Le mercredi 17 juin 2026 La Banque Centrale de la République de Guinée (BCRG), a tenu une réunion stratégique avec la mission du Fonds Monétaire International (FMI) conduite par Izabela Karpowicz. Ces échanges, loin d’un simple suivi technique, s’inscrivent au cœur des négociations pour l’établissement d’un nouveau Programme de Facilité Élargie de Crédit (FEC).
Le Premier Vice‑Gouverneur, représentant le Gouverneur Dr Karamo Kaba, a mis en avant la pertinence des instruments de gestion monétaire déployés par la BCRG. En 2025, un assouplissement graduel a été mené avec rigueur : le taux directeur a été abaissé de 10,75 % à 9,50 %, et le coefficient des réserves obligatoires réduit de 12,75 % à 11,50 %. Cette détente a permis une amélioration notable de la liquidité bancaire, en hausse de 64,8 % en glissement annuel à fin décembre 2025.
Un pilier majeur des discussions a porté sur la stratégie de gestion des réserves internationales. La BCRG a insisté sur le caractère délibéré et transparent de cette politique, visant à renforcer la souveraineté monétaire. L’argument central repose sur la monétisation de l’or artisanal, présentée non comme une spéculation mais comme un outil stratégique pour reconstituer rapidement les réserves en devises.
À fin mars 2026, la structure des réserves reflète cette approche équilibrée : 75,11 % en devises et 24,89 % en or, réduisant la vulnérabilité aux chocs aurifères tout en garantissant une liquidité optimale.
Les échanges ont également abordé la capacité de l’économie guinéenne à absorber les chocs externes, notamment l’impact du conflit au Moyen‑Orient impliquant l’Iran. La BCRG a qualifié ce conflit de choc asymétrique négatif : si la hausse des cours de l’or agit comme amortisseur, le renchérissement de l’énergie et des importations alimentaires alimente l’inflation, projetée entre 6,0 % et 7,0 % fin 2026. La réponse proposée combine discipline budgétaire, ciblage des interventions et maintien d’une politique monétaire restrictive si nécessaire.

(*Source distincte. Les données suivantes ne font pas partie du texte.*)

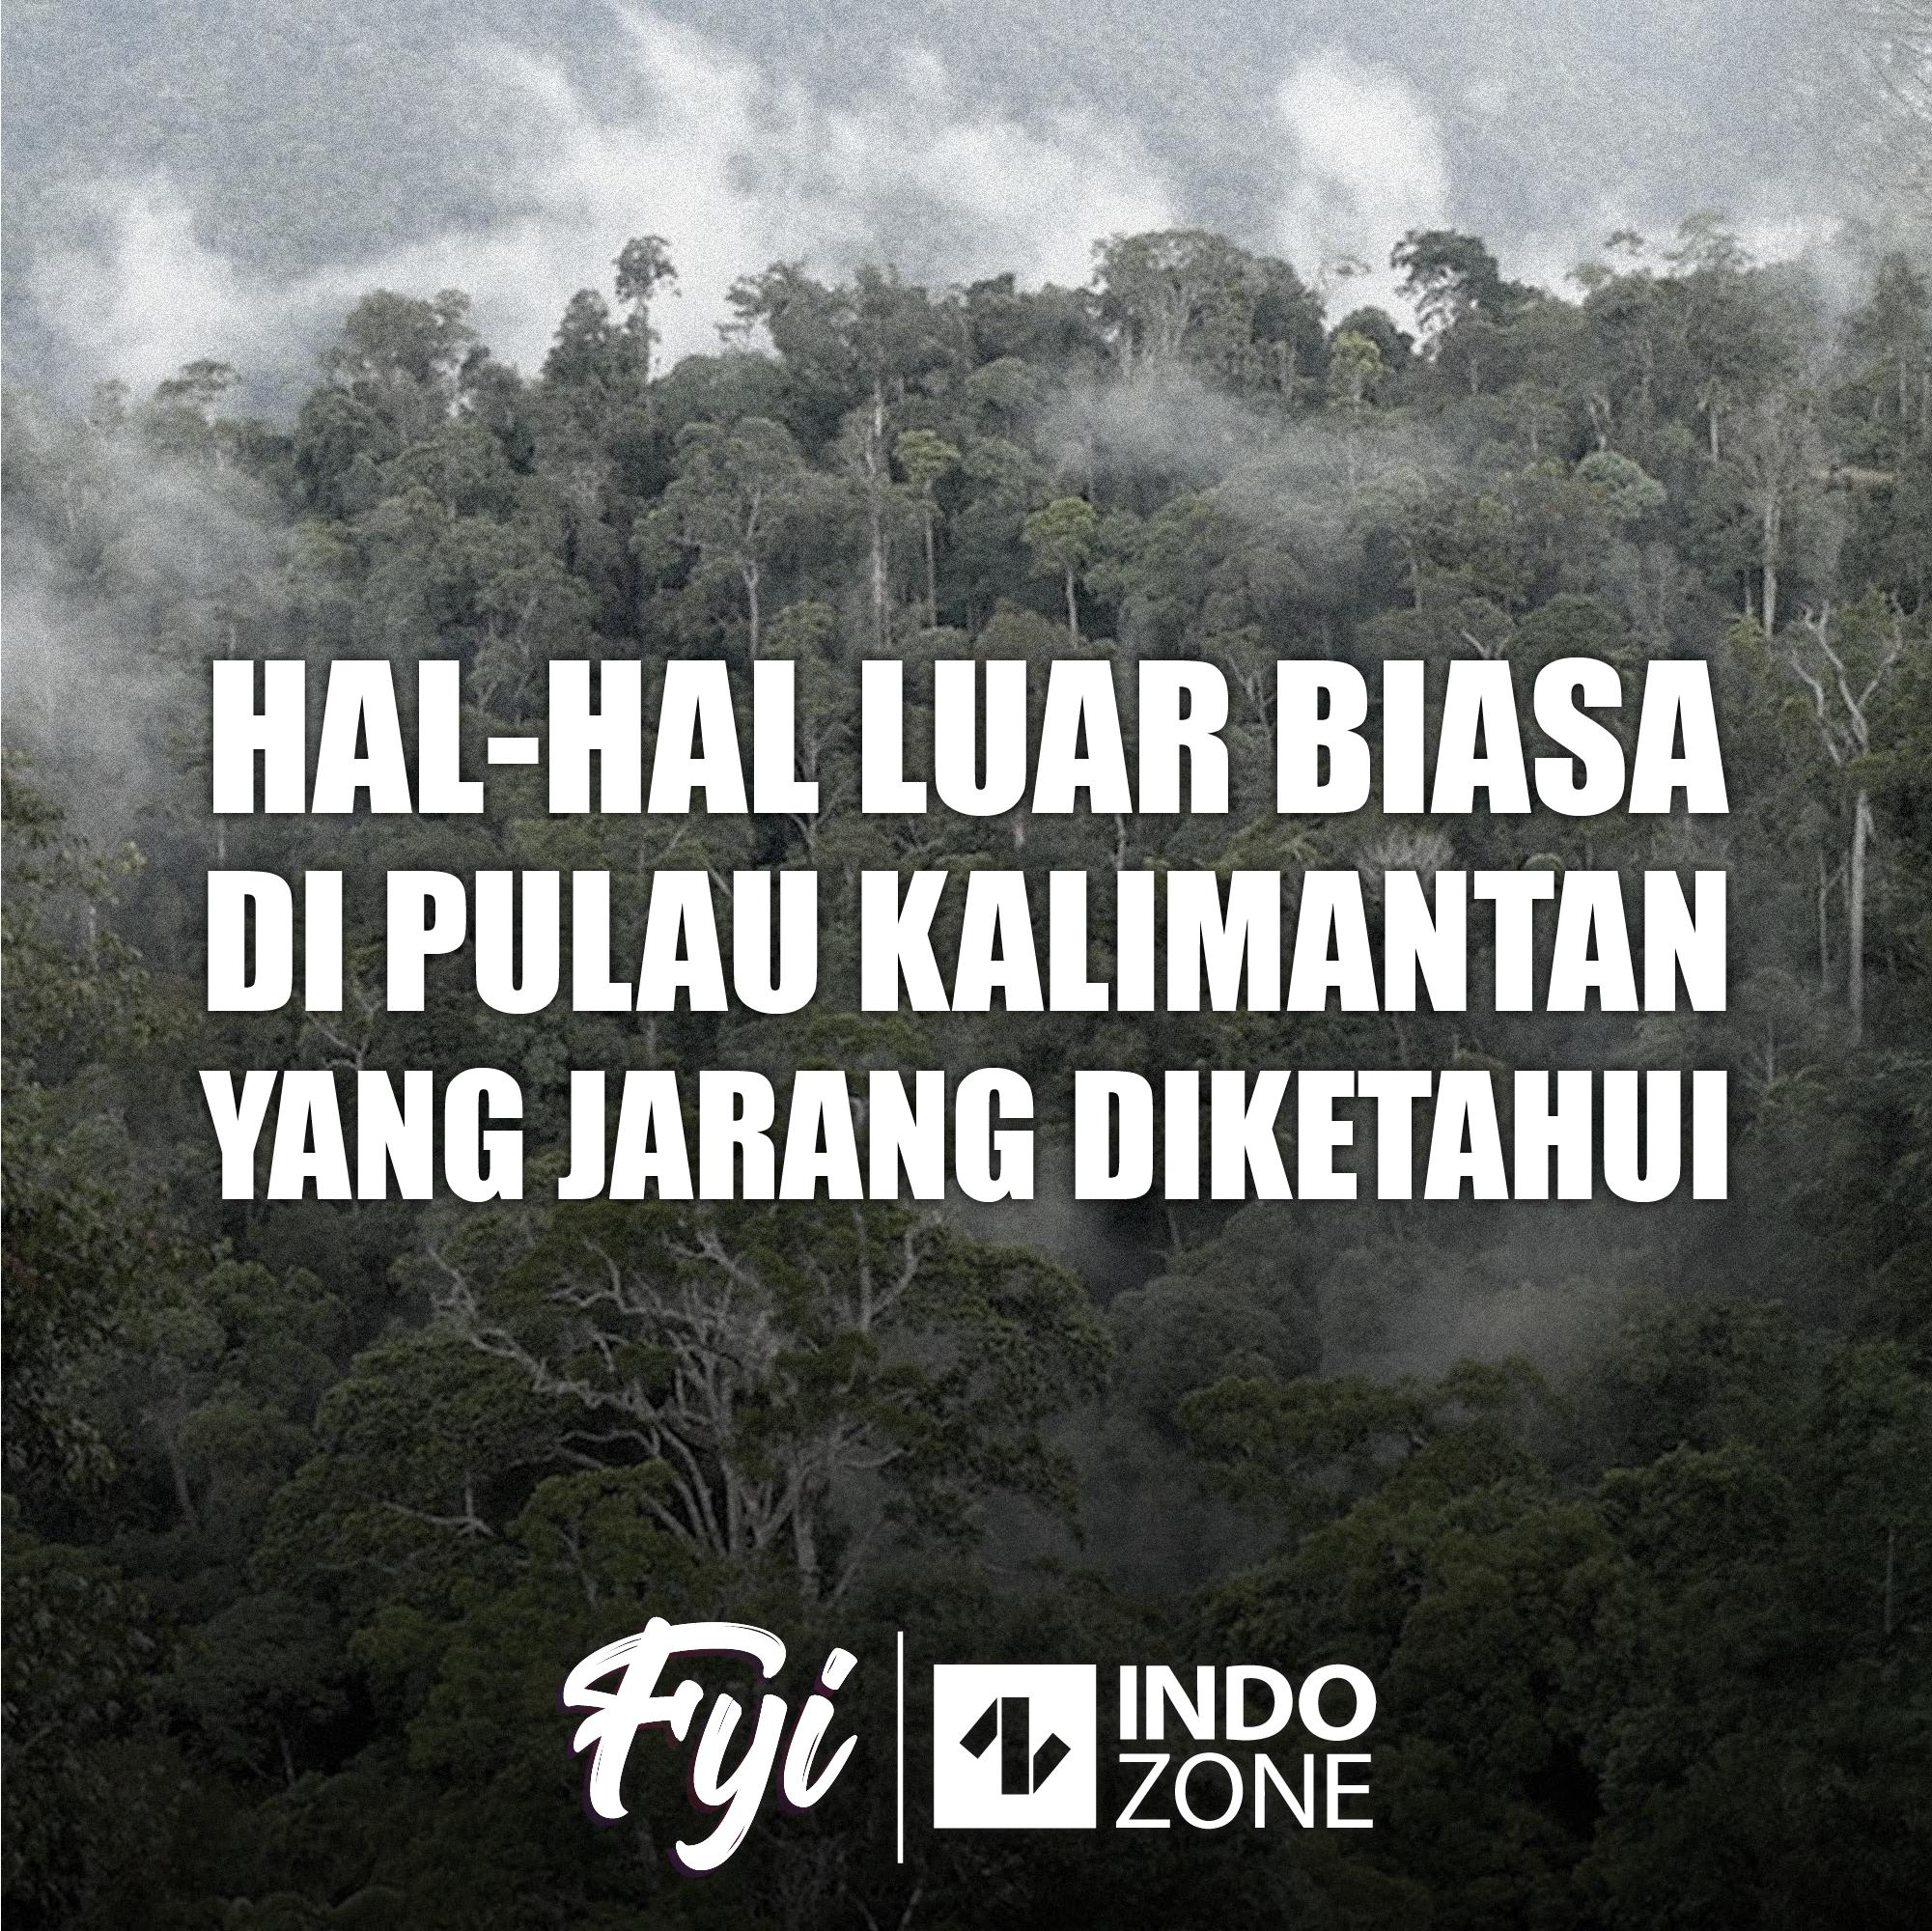 Hal-Hal Luar Biasa di Pulau Kalimantan yang Jarang Diketahui

La BCRG a mis en avant le projet Simandou comme levier majeur de transformation. Les Investissements Directs Étrangers (IDE) ont atteint 6,489 milliards USD en 2025, soit 16,8 % du PIB, transformant la balance des paiements : d’un déficit de 151,55 millions USD en 2024, elle est passée à un excédent global de 3,121 milliards USD en 2025. Bien que les premières exportations de minerai de fer restent modestes (16,42 millions USD), les flux financiers associés renforcent durablement la position extérieure du pays.